Rather than attack Mr. King’s years of demeaning comments about immigrants — he once compared Dreamers to drug mules “with calves the size of cantaloupes” — Mr. Feenstra portrayed the congressman as powerless to help Iowans.

Credit...Charlie Neibergall/Associated Press

Mr. King, 71, claimed during the campaign that Representative Kevin McCarthy of California, the House Republican leader, had privately pledged to help him regain his committee assignments. But Mr. McCarthy denied having said any such thing, adding that if the Republican Steering Committee, which decides on committee roles, met again to weigh in on Mr. King, he would not win back his posts.

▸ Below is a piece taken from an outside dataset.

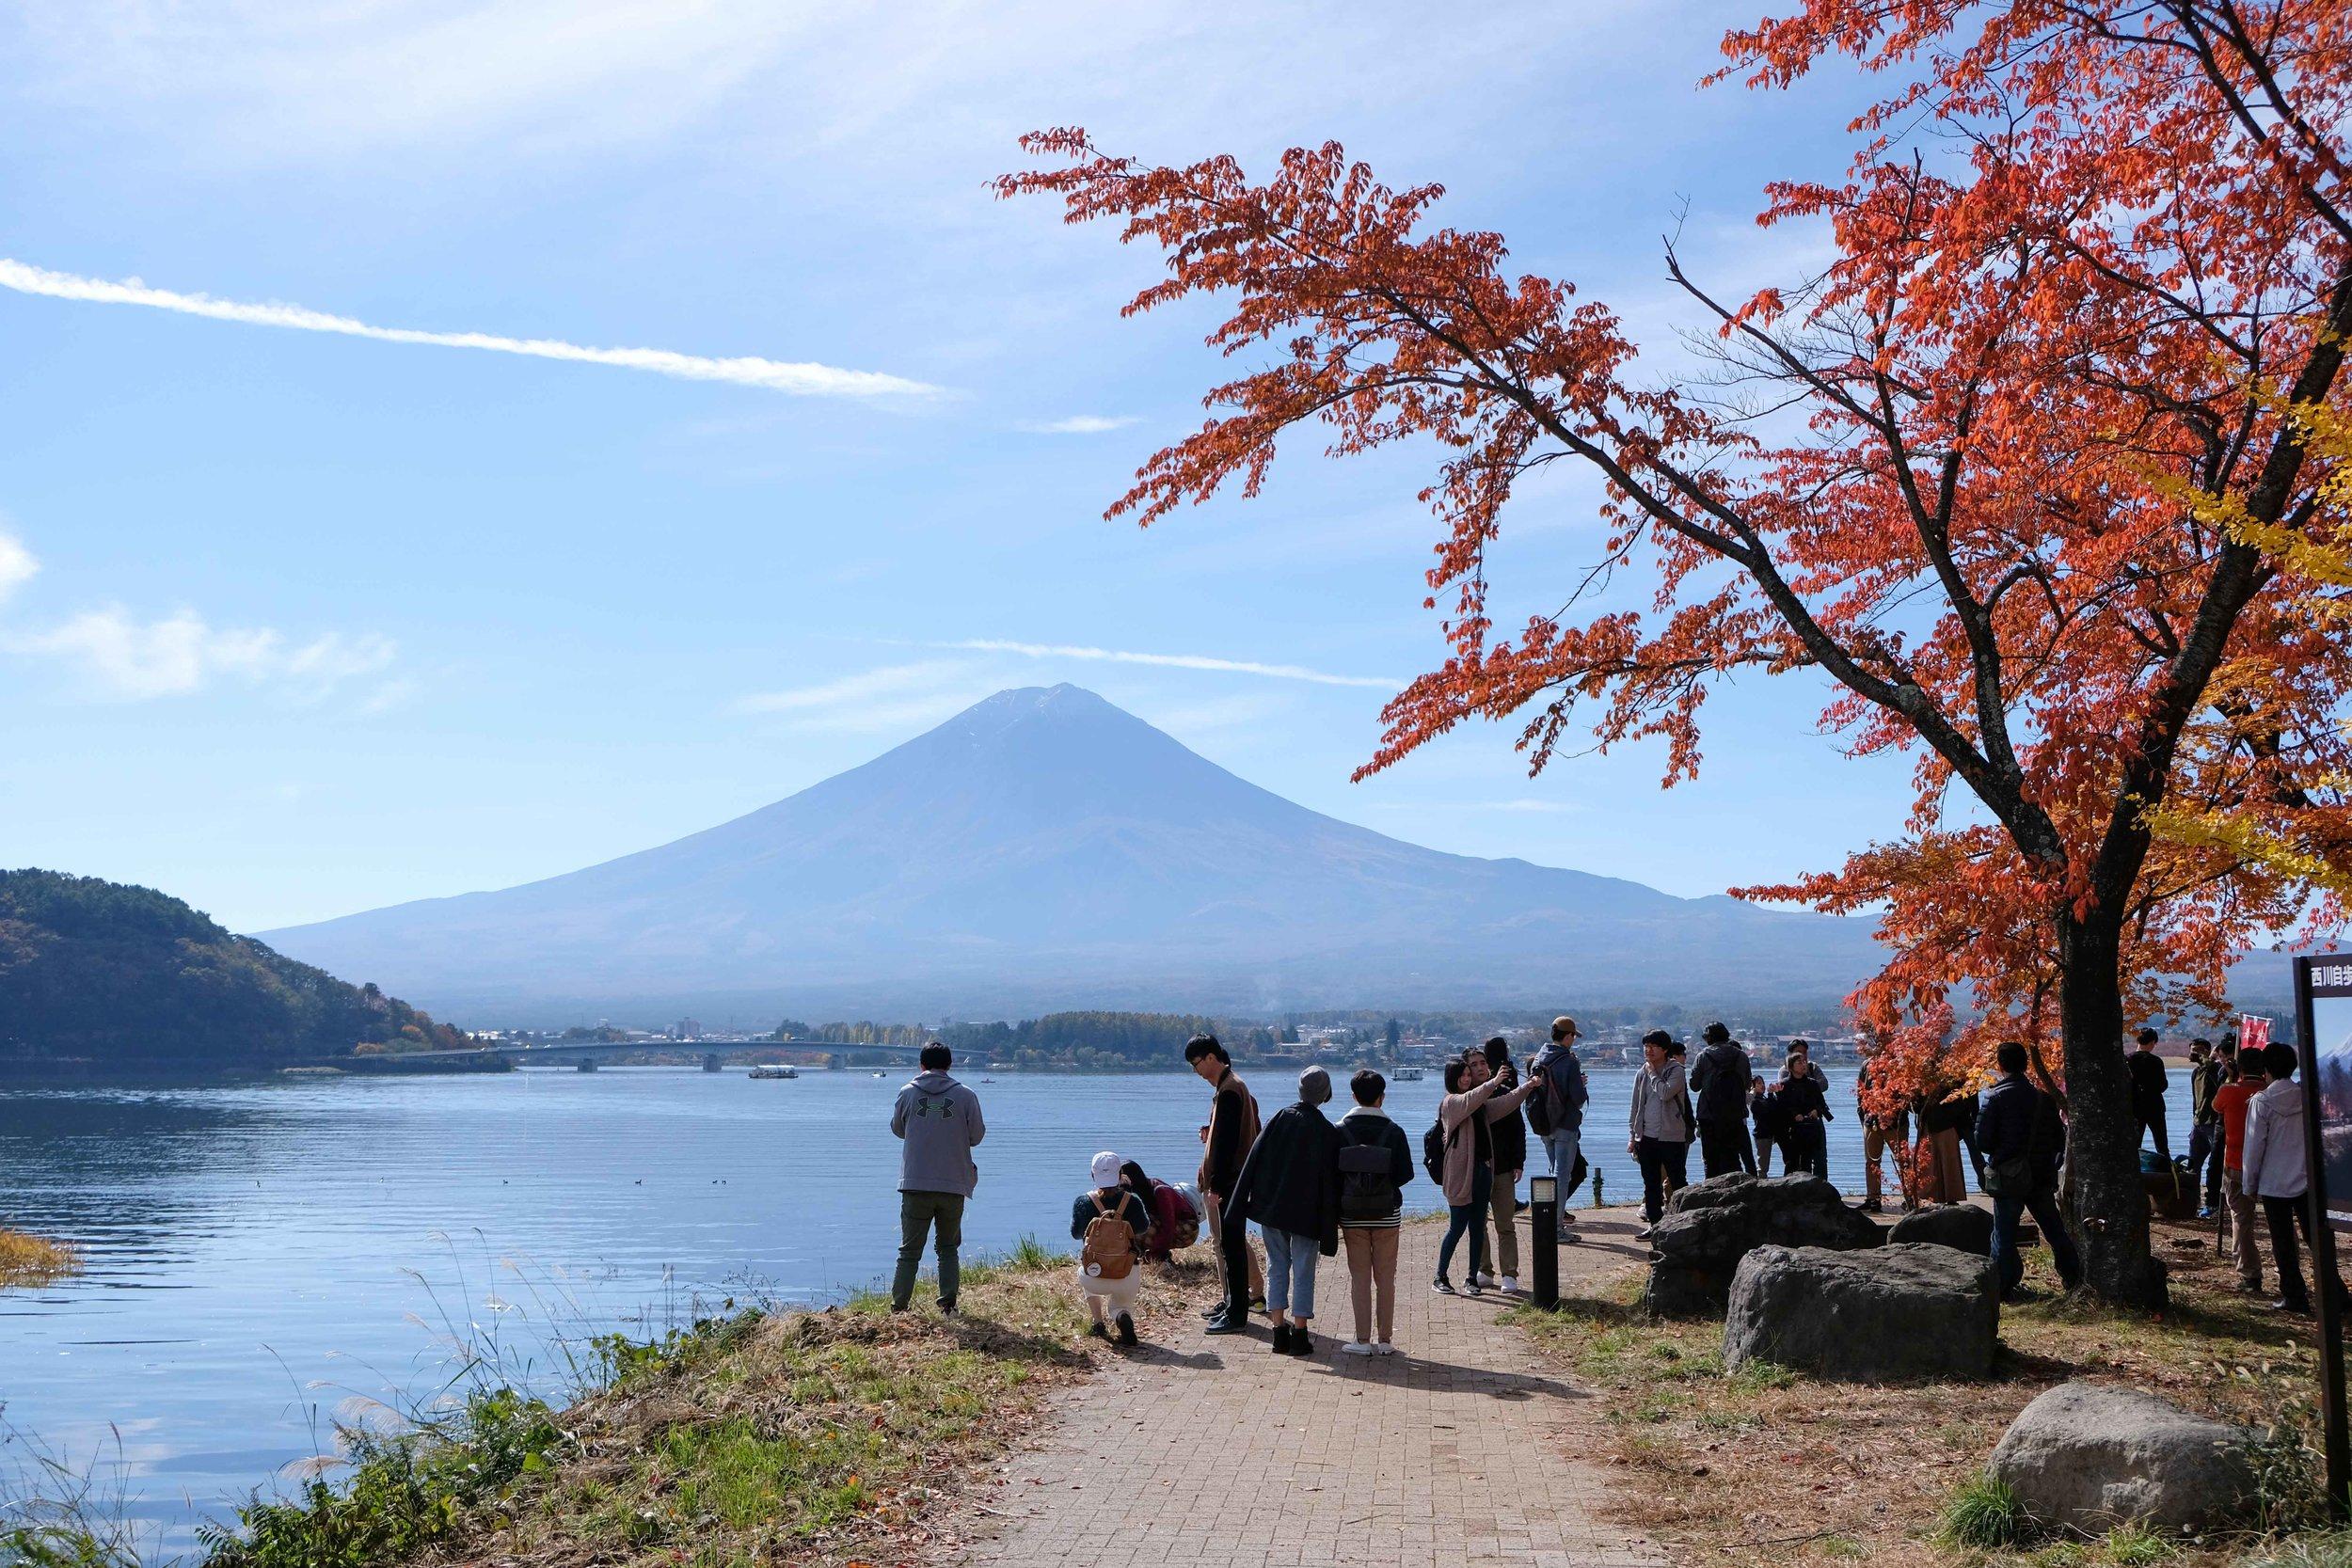 Kawaguchiko Day Trip For Those Mt. Fuji Views - November 15th, 2017
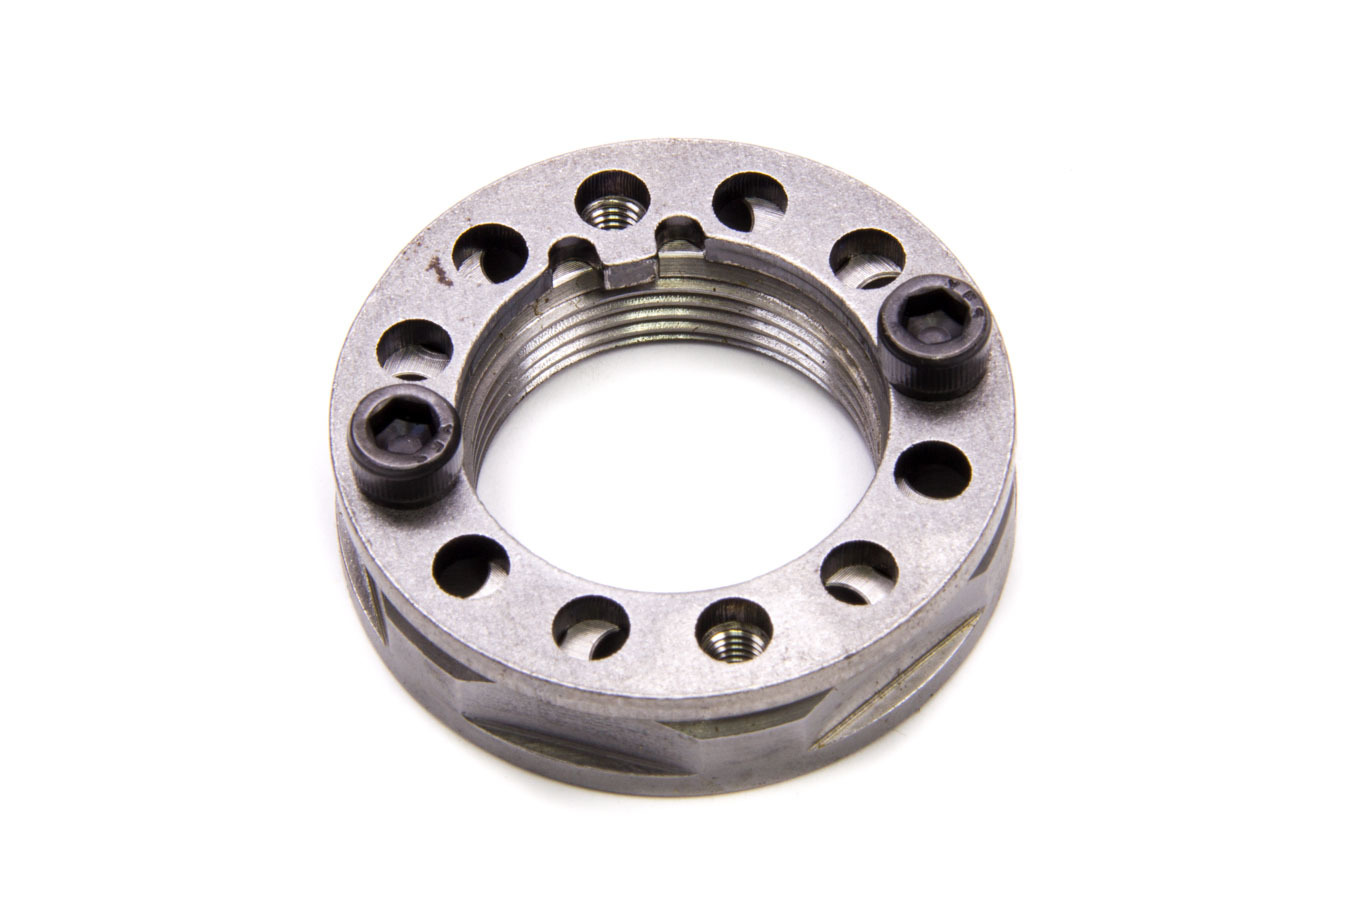 Diversified Machine Steel Spindle Locknut Kit (Trick)

Even before facing Republican discipline in the House in January 2019 after the Times interview, Mr. King was in electoral trouble. He just barely won re-election in 2018 over Mr. Scholten, a former professional baseball player, by three percentage points — in a district Mr. Trump carried by nearly 30 points.

Just before the election, the head of the Republican House campaign arm, Representative Steve Stivers of Ohio, issued a highly unusual rebuke of Mr. King for his endorsement of the Toronto mayoral candidate, Faith Goldy, who has espoused white nationalism, and for comments seeming to embrace the “Great Replacement,” a far-right conspiracy theory. “We must stand up against white supremacy and hate in all forms, and I strongly condemn this behavior,” Mr. Stivers said at the time.

A paradox of Mr. King’s career is that, in his anti-immigrant language and policies, he was years ahead of Mr. Trump, who won the presidency by stirring fears about nonwhite immigrants.

Well before Mr. Trump promised to build a wall on the southwest border, Mr. King, who founded an earth-moving company, stood on the House floor and showed off a model of a 12-foot border wall of his own design.

Soon after Mr. Trump took office, he invited Mr. King — who even then was snubbed by establishment Republicans like the former House speaker John A. Boehner — to the Oval Office. The president boasted to Mr. King of having supported him, and raised money for him during an Iowa visit in 2014, Mr. King told The Times.

In the past, Mr. King routinely won the backing of other Iowa Republicans, including Gov. Kim Reynolds, who named him a co-chair of her 2018 election campaign. He sought to be a kingmaker in presidential politics given Iowa’s early-voting role, and in 2015 he endorsed Senator Ted Cruz of Texas, who went on to win the state’s caucuses over Mr. Trump.

“For two decades Steve King has been something of the sun in the political universe around here,” Douglas Burns, an owner of newspapers in Mr. King’s district, said on Tuesday night. “I’ll still have to see the eclipse tomorrow to believe these results.”